▸ **GIVEN INFORMATION**
□ □ □ □ □ □ □
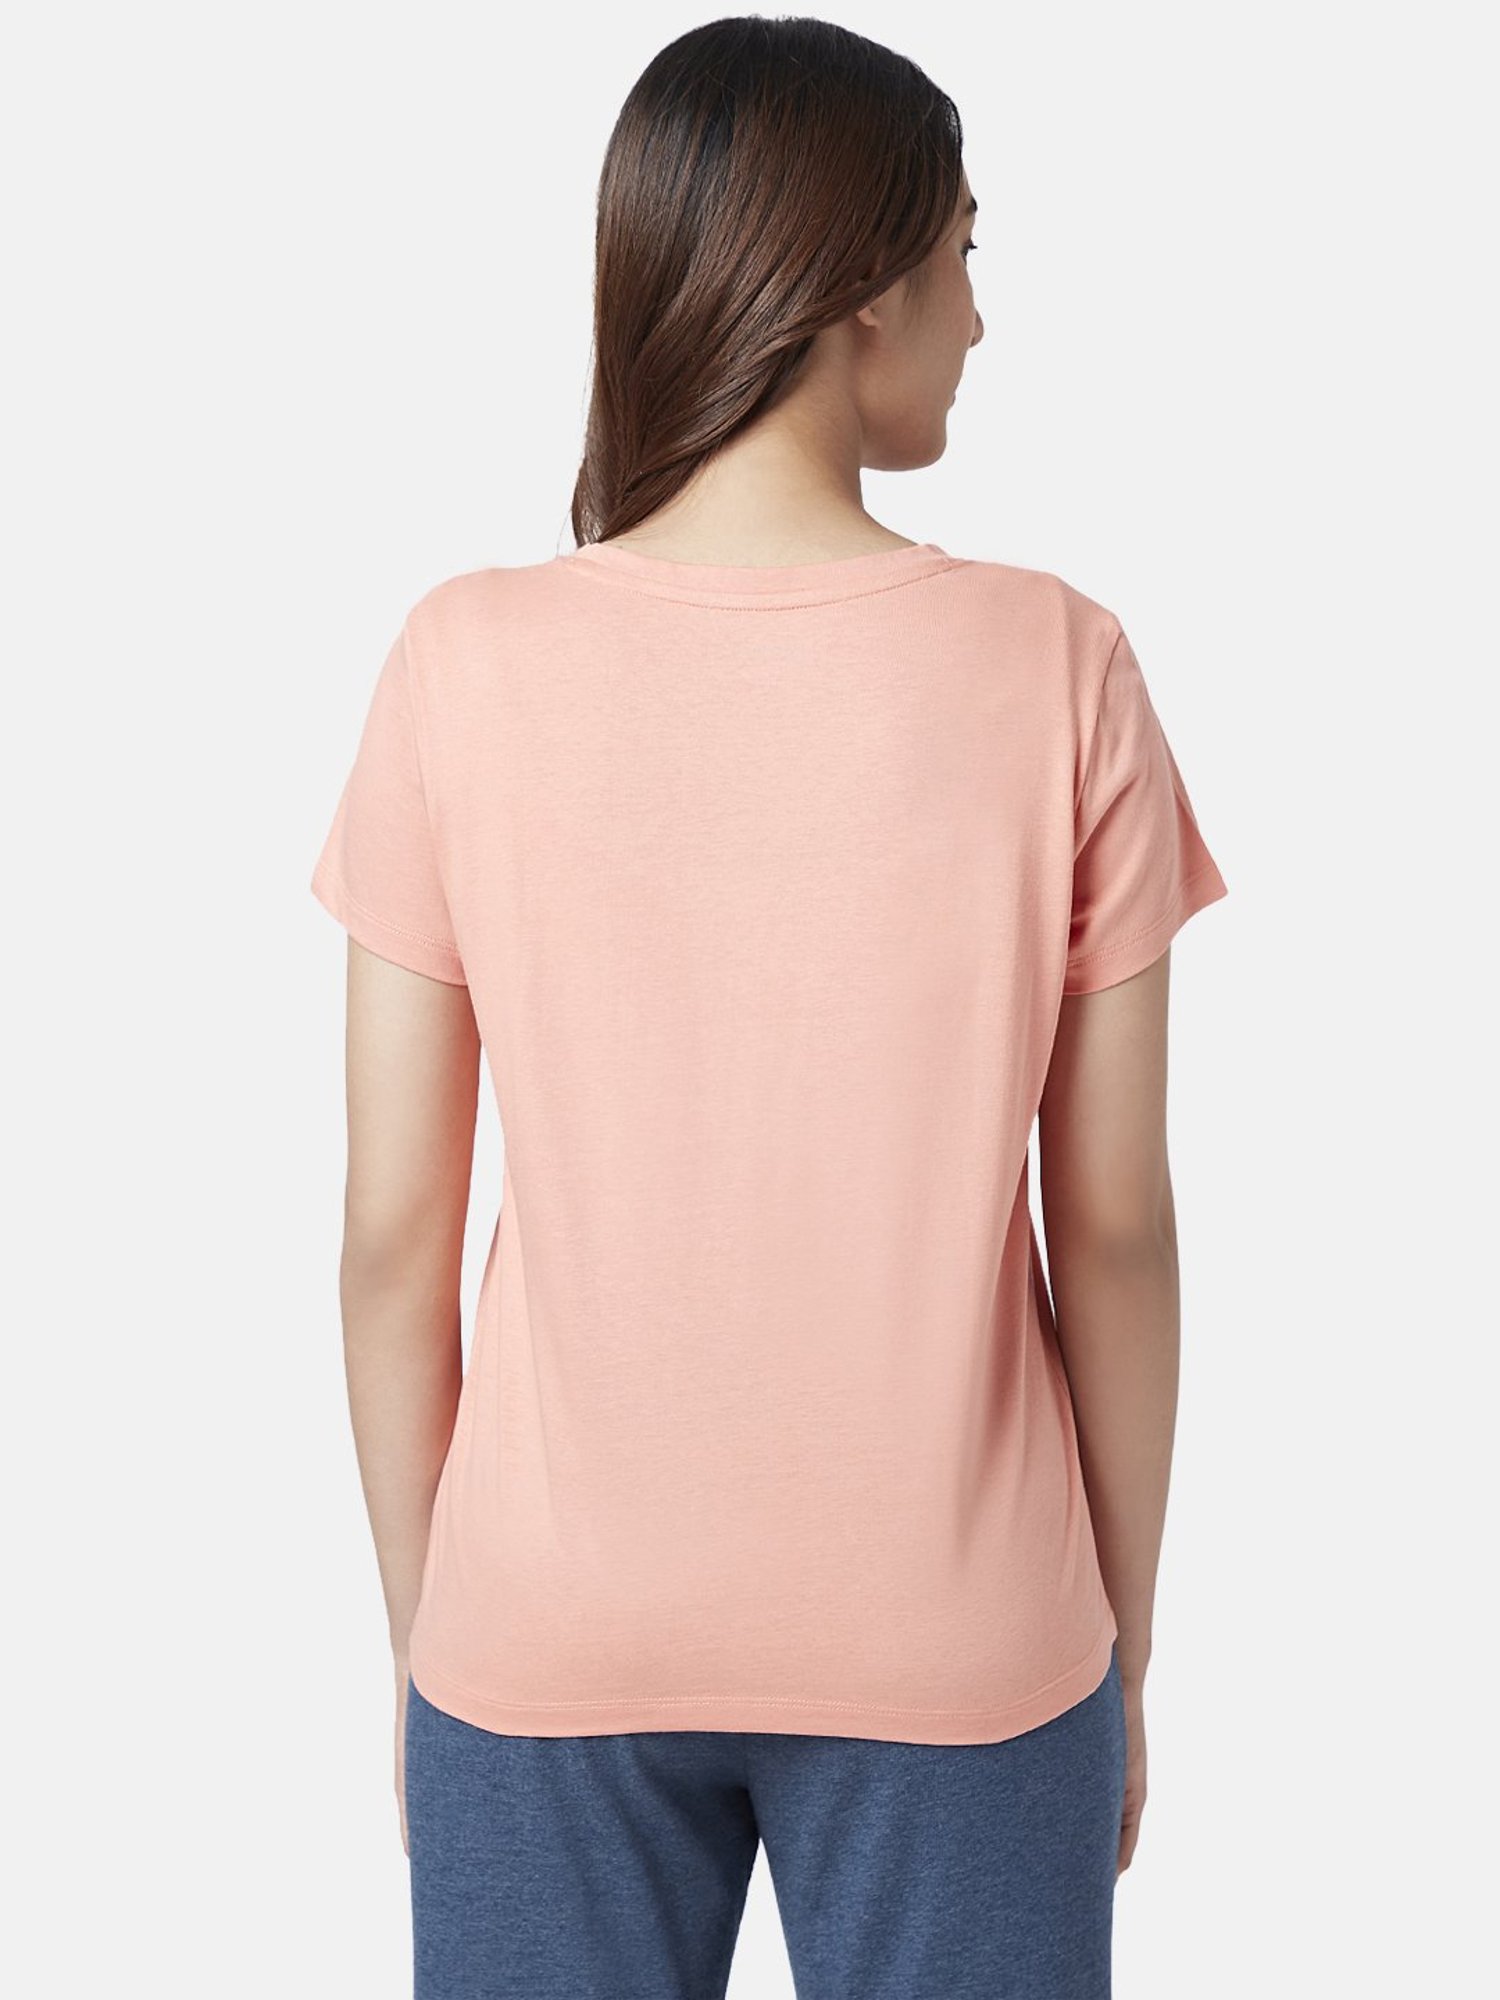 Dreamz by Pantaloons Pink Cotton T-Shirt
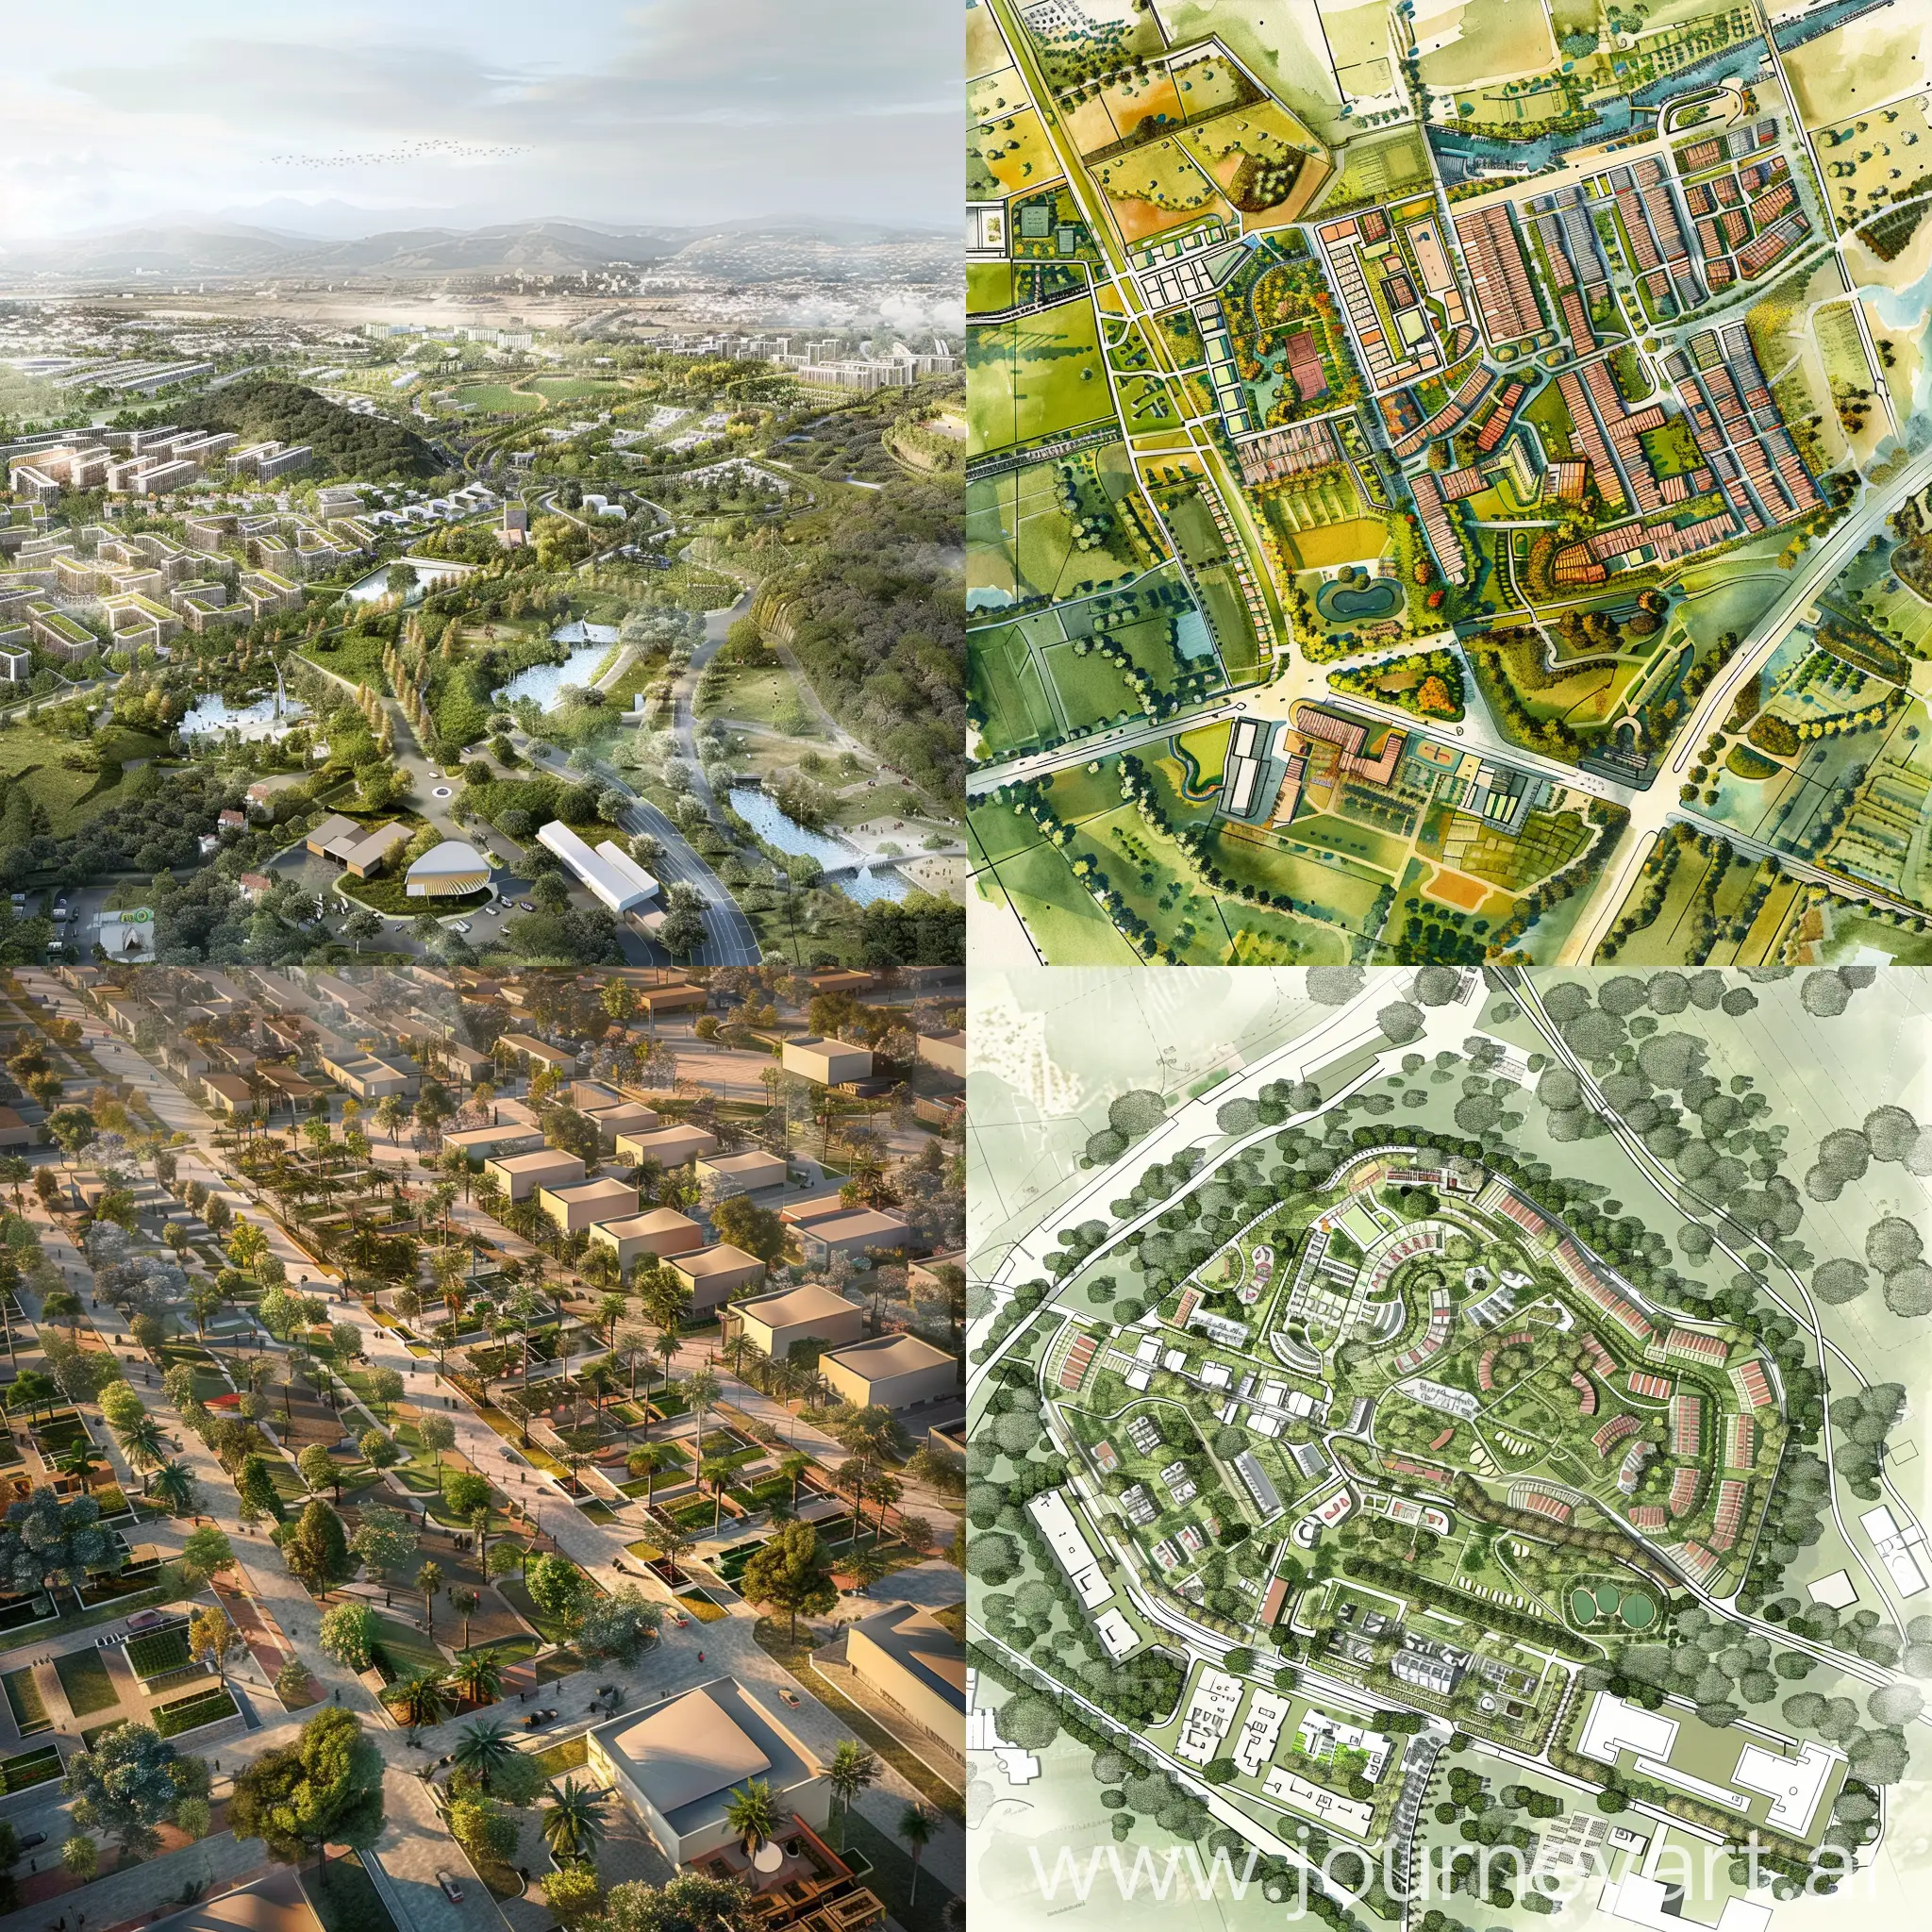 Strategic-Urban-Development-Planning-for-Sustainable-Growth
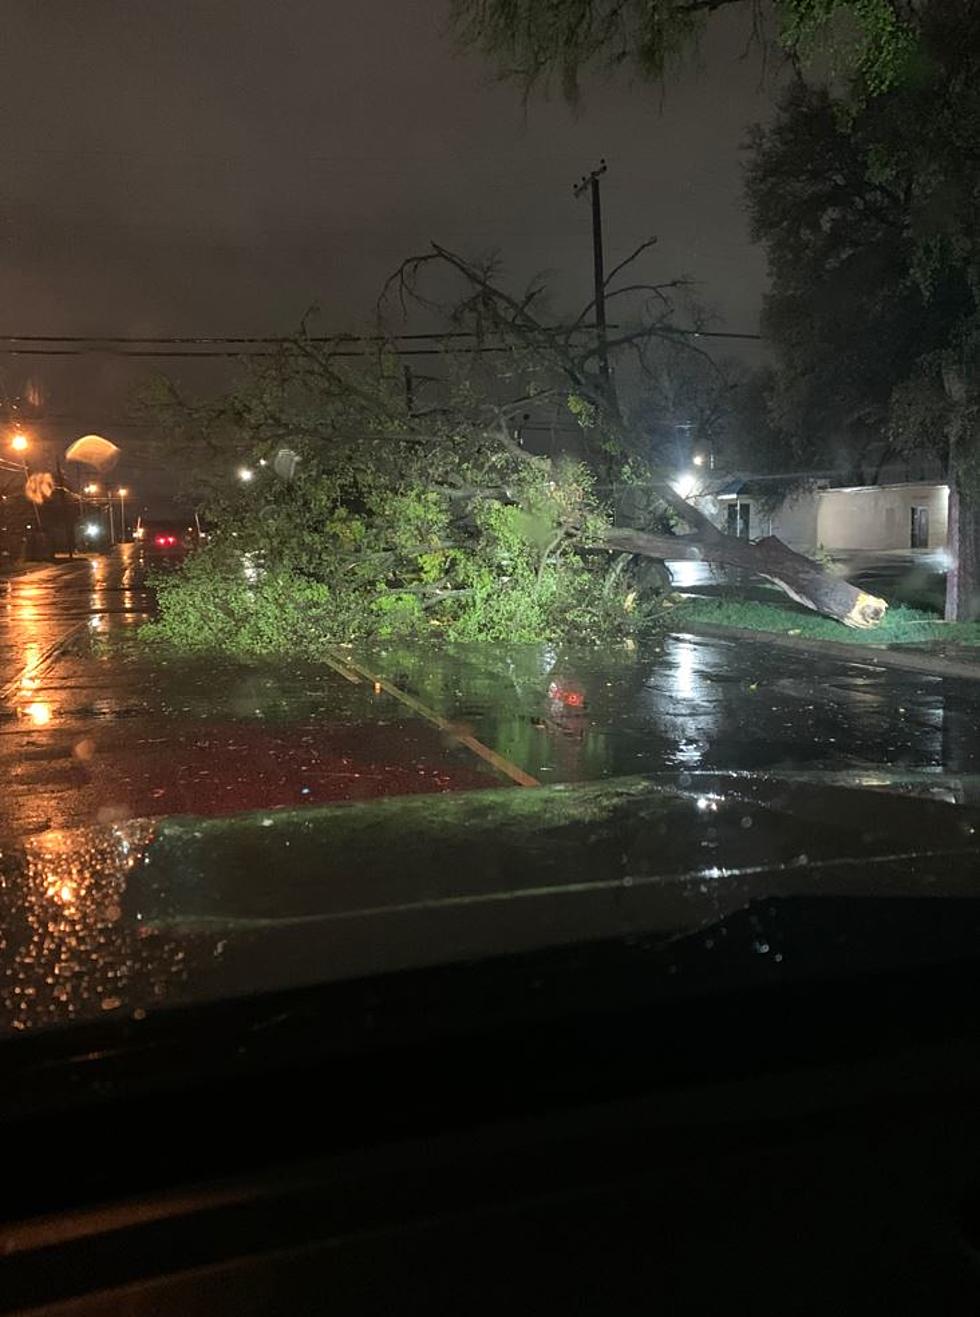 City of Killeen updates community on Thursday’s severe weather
□ □ □ □ □ □ □
▸ **WORK TASK**
Give the preceding data back exactly, minus every picture.

▸ **TASK SOLUTION**
 Dreamz by Pantaloons Pink Cotton T-Shirt
 Strategic-Urban-Development-Planning-for-Sustainable-Growth
 City of Killeen updates community on Thursday’s severe weather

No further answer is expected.